Aux plus hauts niveaux, les démocrates ont soutenu Israël de manière très visible cette semaine. Biden a non seulement condamné le Hamas, mais a également reconnu ses atrocités. Au Congrès, les membres d’un groupe juif qui, comme l’a dit un consultant, « ne parviennent généralement même pas à se mettre d’accord sur une commande de charcuterie », ont rapidement trouvé l’unité.

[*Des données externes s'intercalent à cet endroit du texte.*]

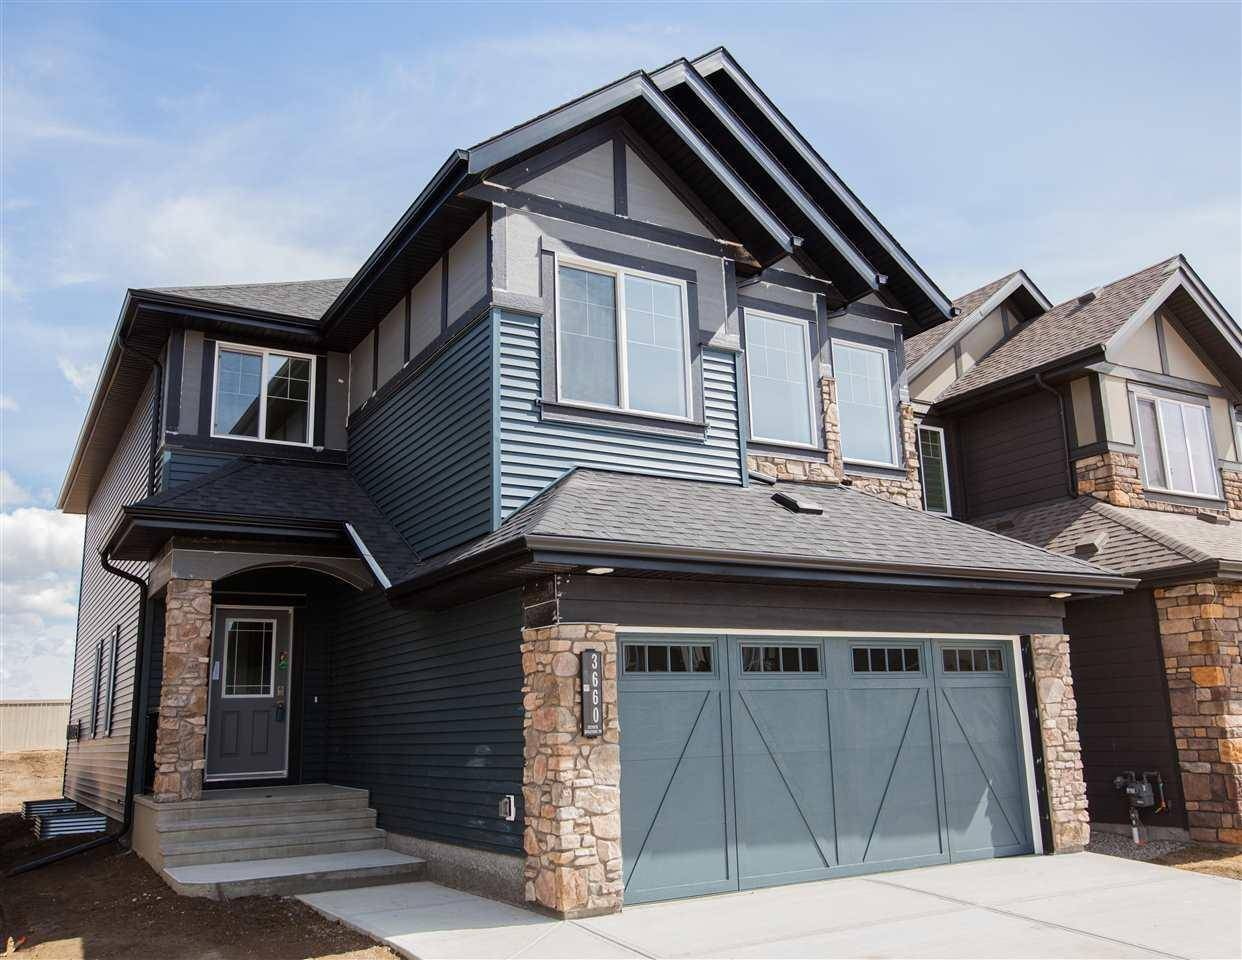 House for sale at 3660 Keswick Blvd Sw Edmonton Alberta - MLS: E4193091
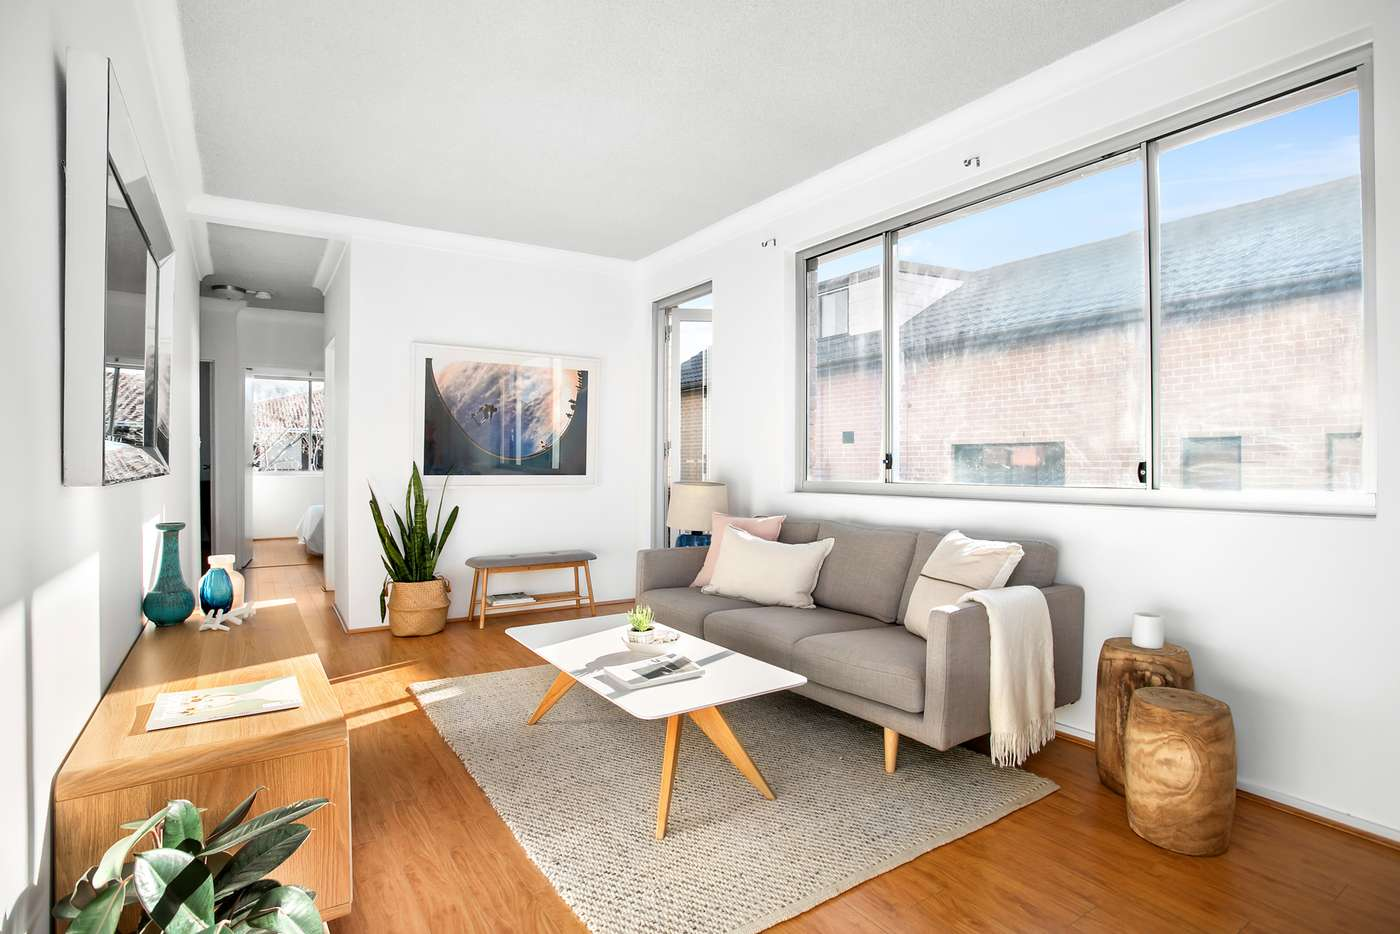 Main view of Homely apartment listing, 6/30 Beach Road, Bondi Beach NSW 2026

Ted Deutch, l’ancien représentant de Floride qui dirige désormais l’American Jewish Committee, a qualifié le discours de Biden de « l’un des discours pro-israéliens les plus importants que j’ai jamais entendu dans ce pays », ajoutant que la réponse américaine avait été « massivement favorable ».

Mais d’autres se sont concentrés sur « The Squad » – le groupe de représentants de gauche qui sont entrés au Congrès ces dernières années à l’avant-garde d’un mouvement progressiste émergent.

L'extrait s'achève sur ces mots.